*** Begin section ***

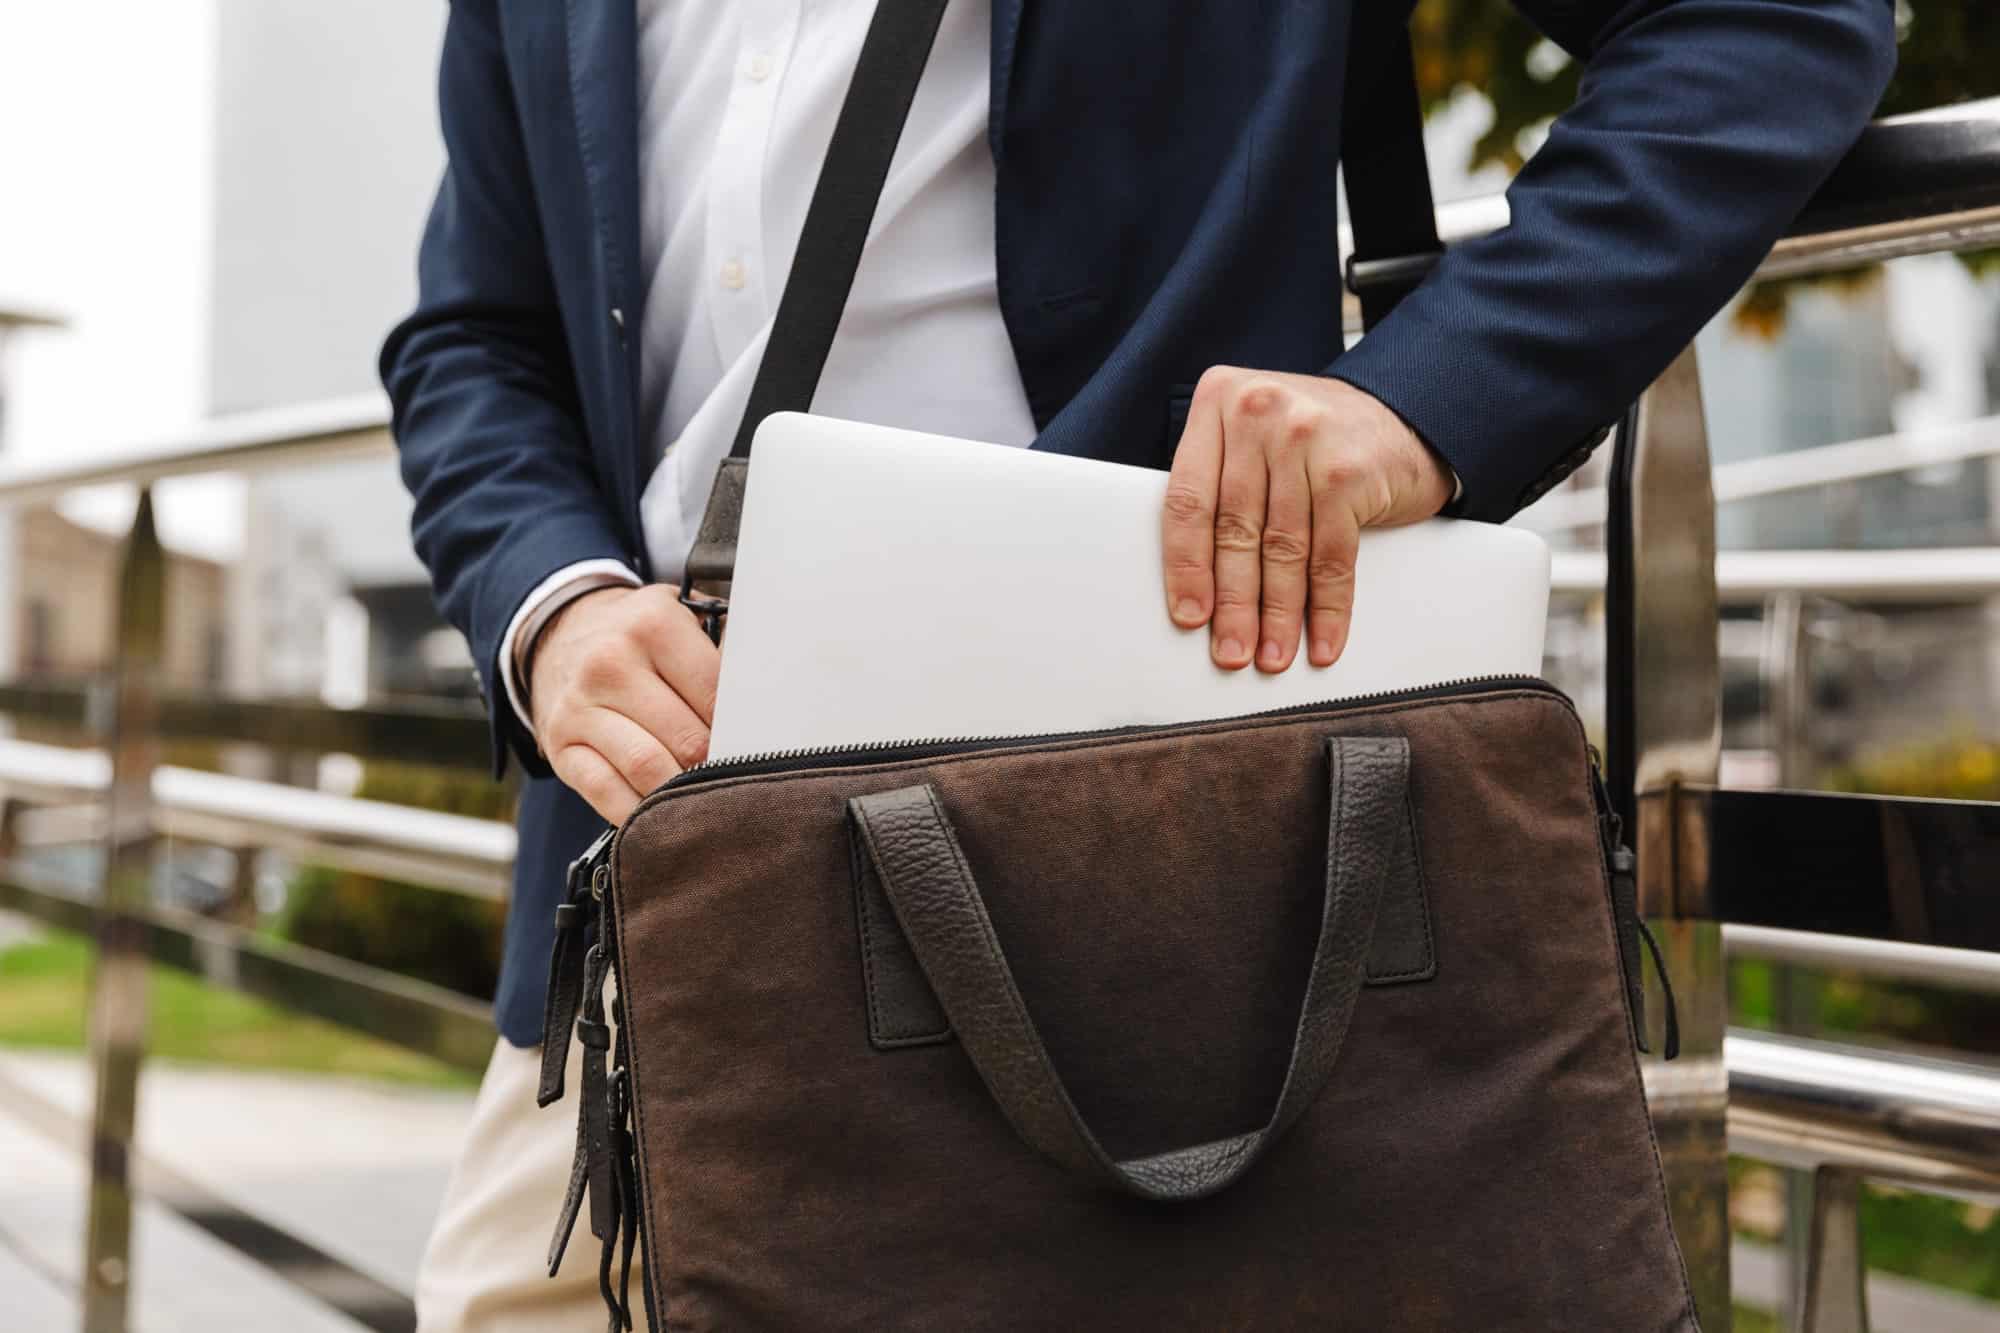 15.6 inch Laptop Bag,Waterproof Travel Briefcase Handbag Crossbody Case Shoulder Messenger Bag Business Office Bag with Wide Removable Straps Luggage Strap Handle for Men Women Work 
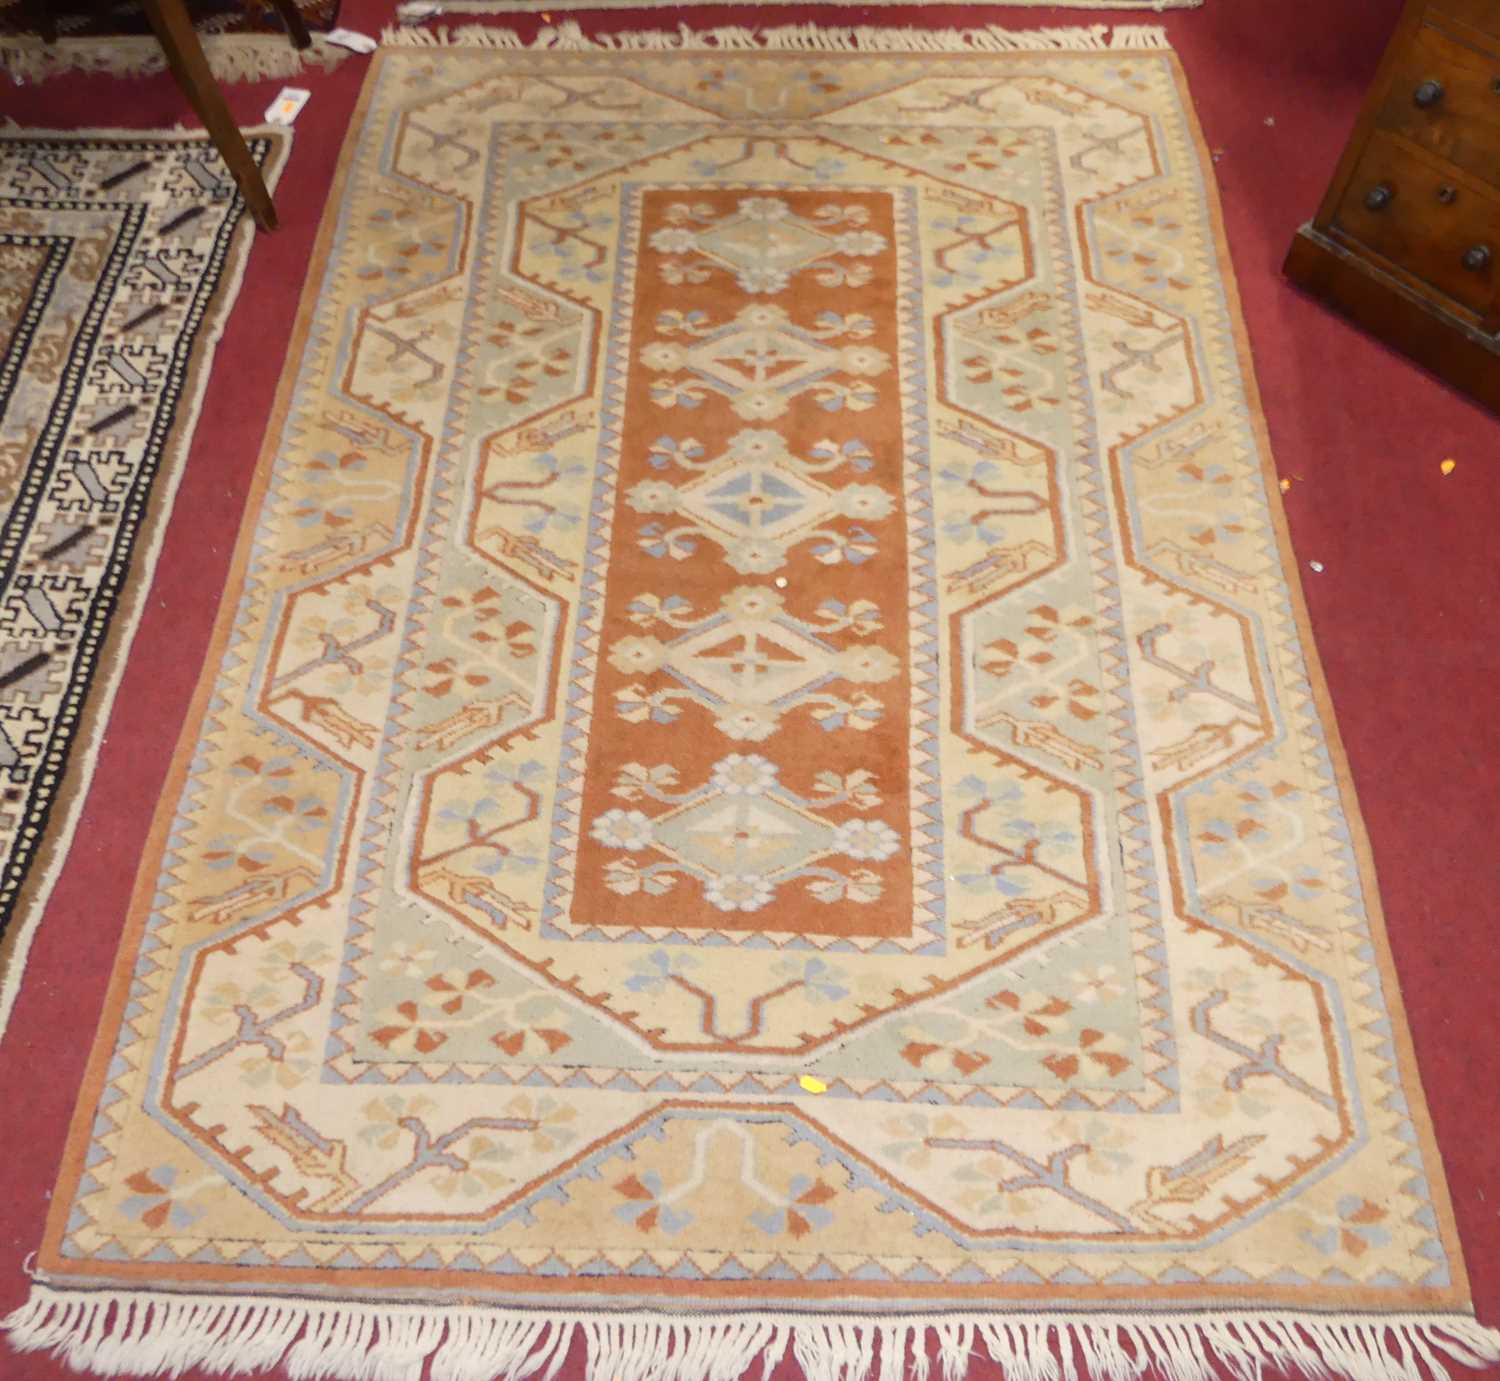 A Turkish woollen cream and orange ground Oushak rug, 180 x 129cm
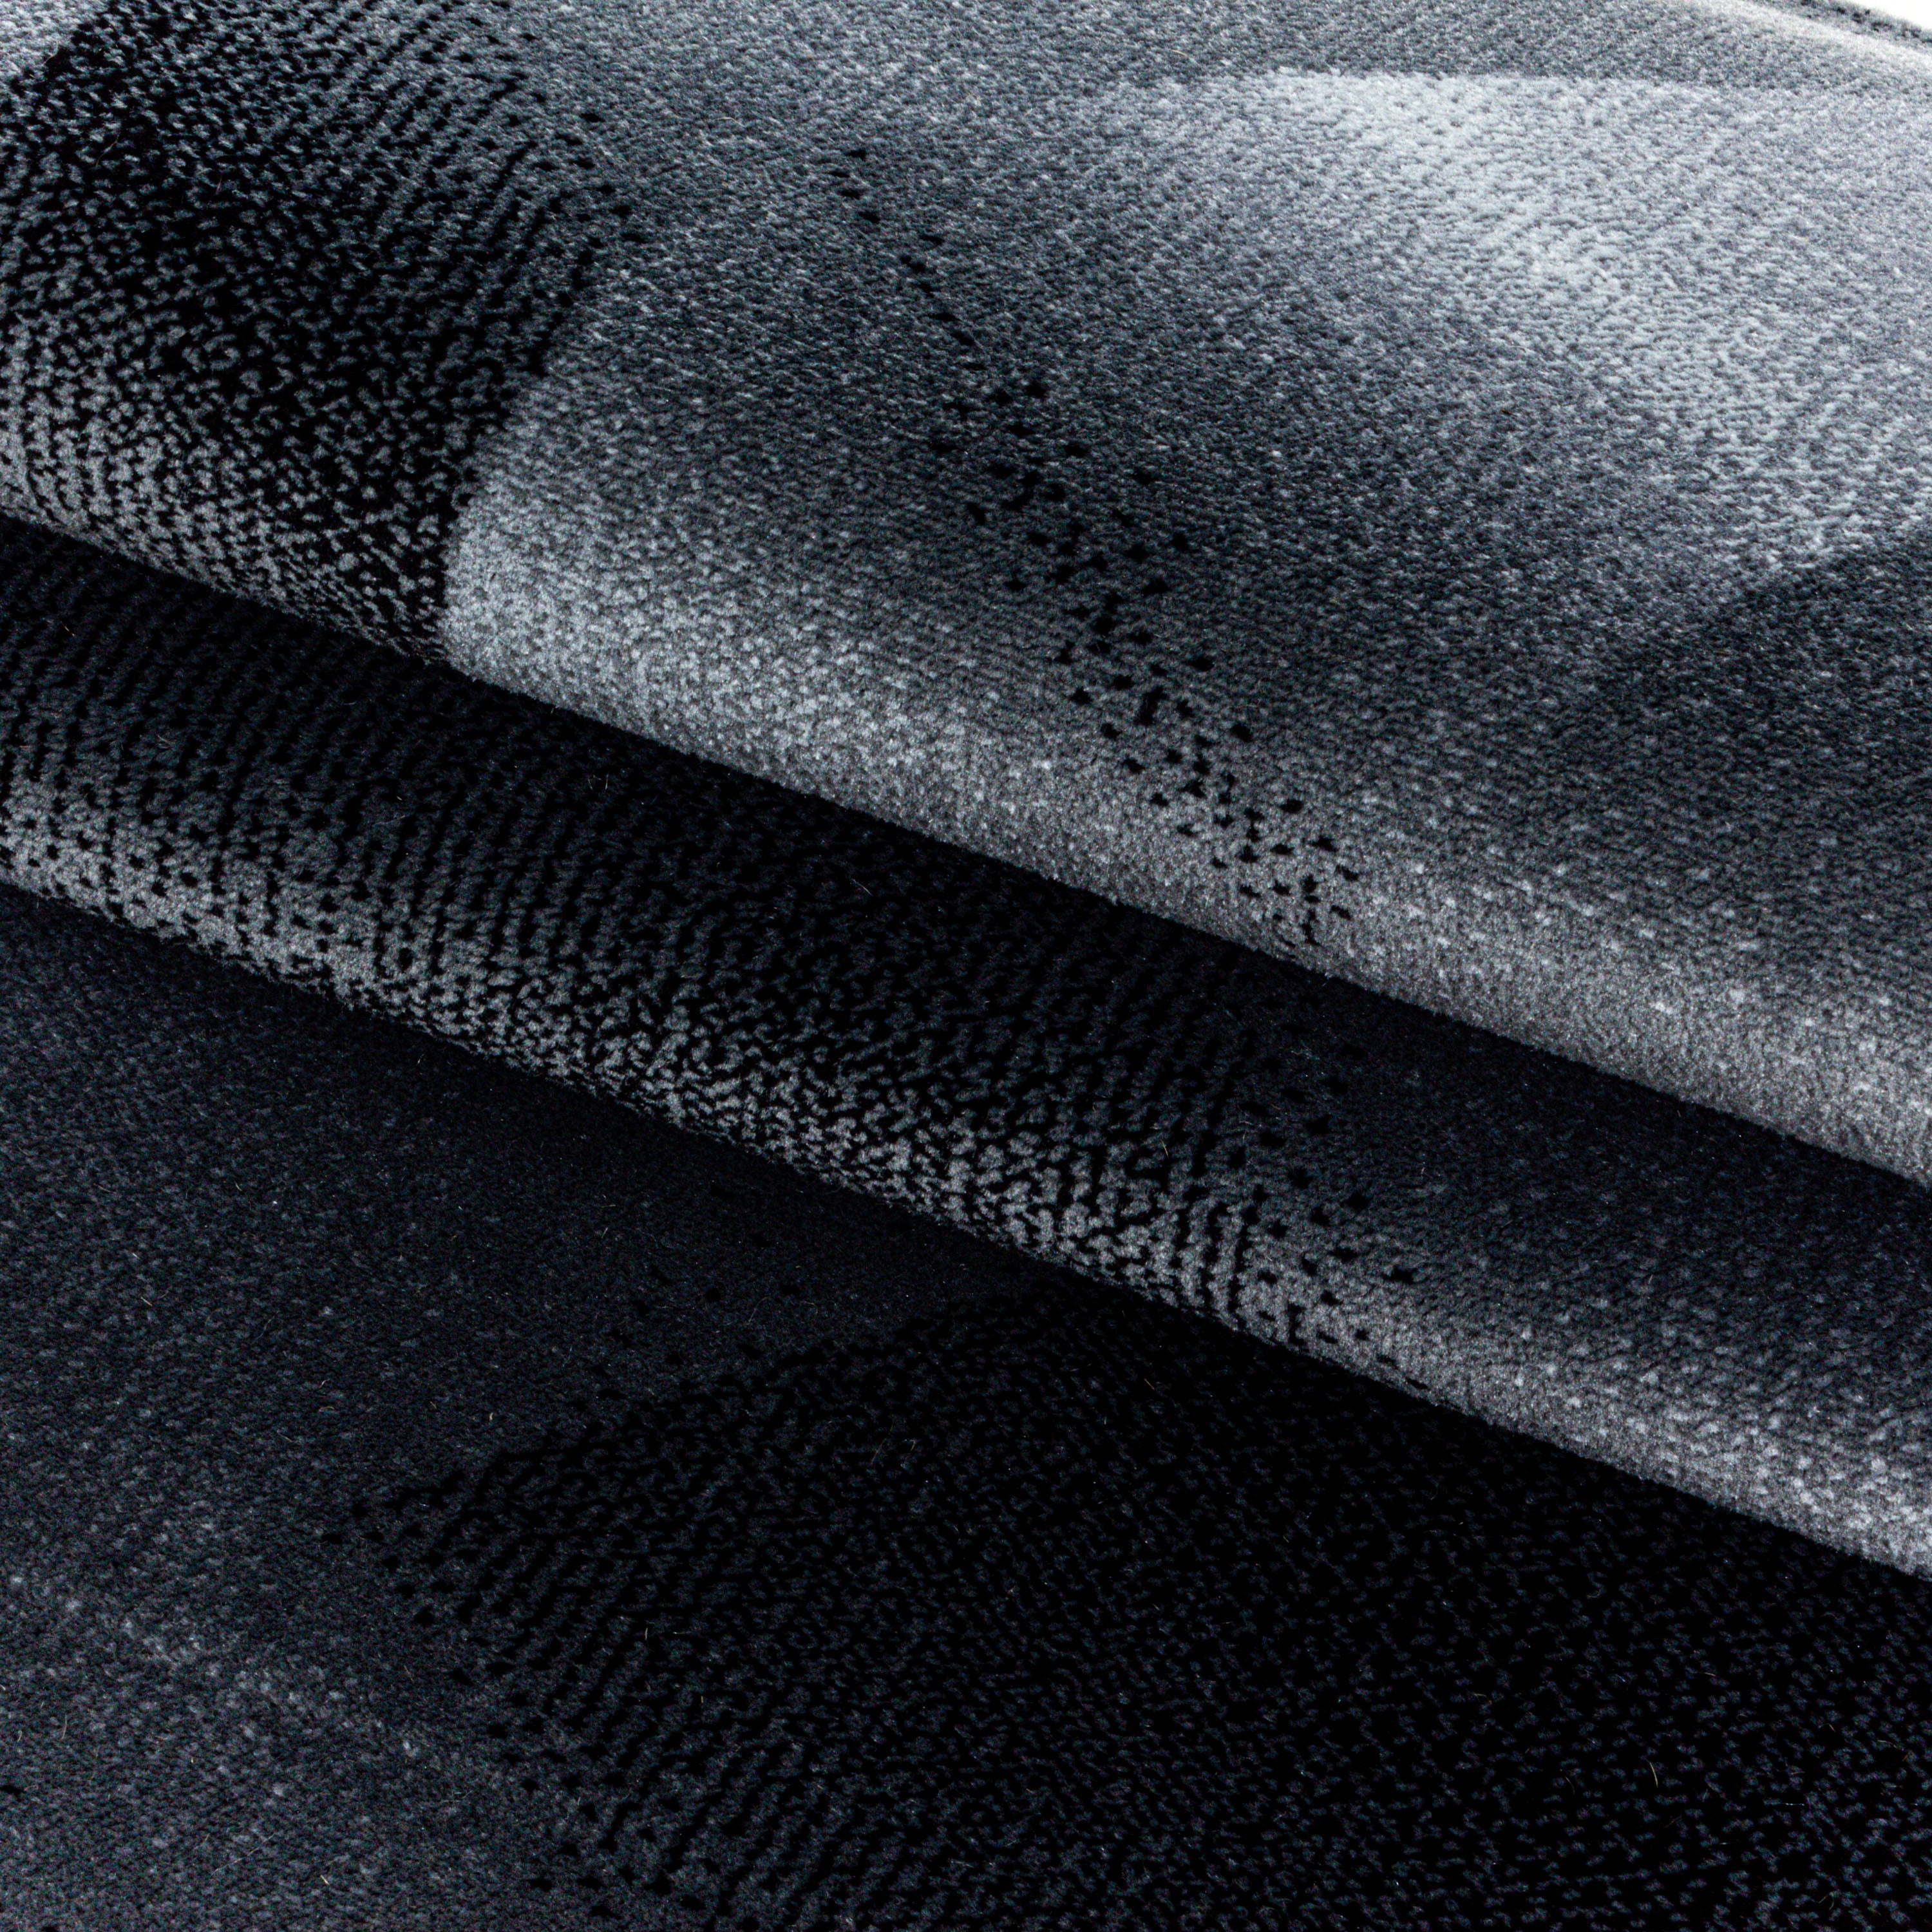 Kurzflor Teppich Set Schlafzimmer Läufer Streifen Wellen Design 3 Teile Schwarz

*** End section ***

» Assigned task
The copy should run from the first line of the material above through the line with "A Turkish woollen", repeated exactly and without pictures.

» Answer to this task
 15.6 inch Laptop Bag,Waterproof Travel Briefcase Handbag Crossbody Case Shoulder Messenger Bag Business Office Bag with Wide Removable Straps Luggage Strap Handle for Men Women Work 
 A Turkish woollen cream and orange ground Oushak rug, 180 x 129cm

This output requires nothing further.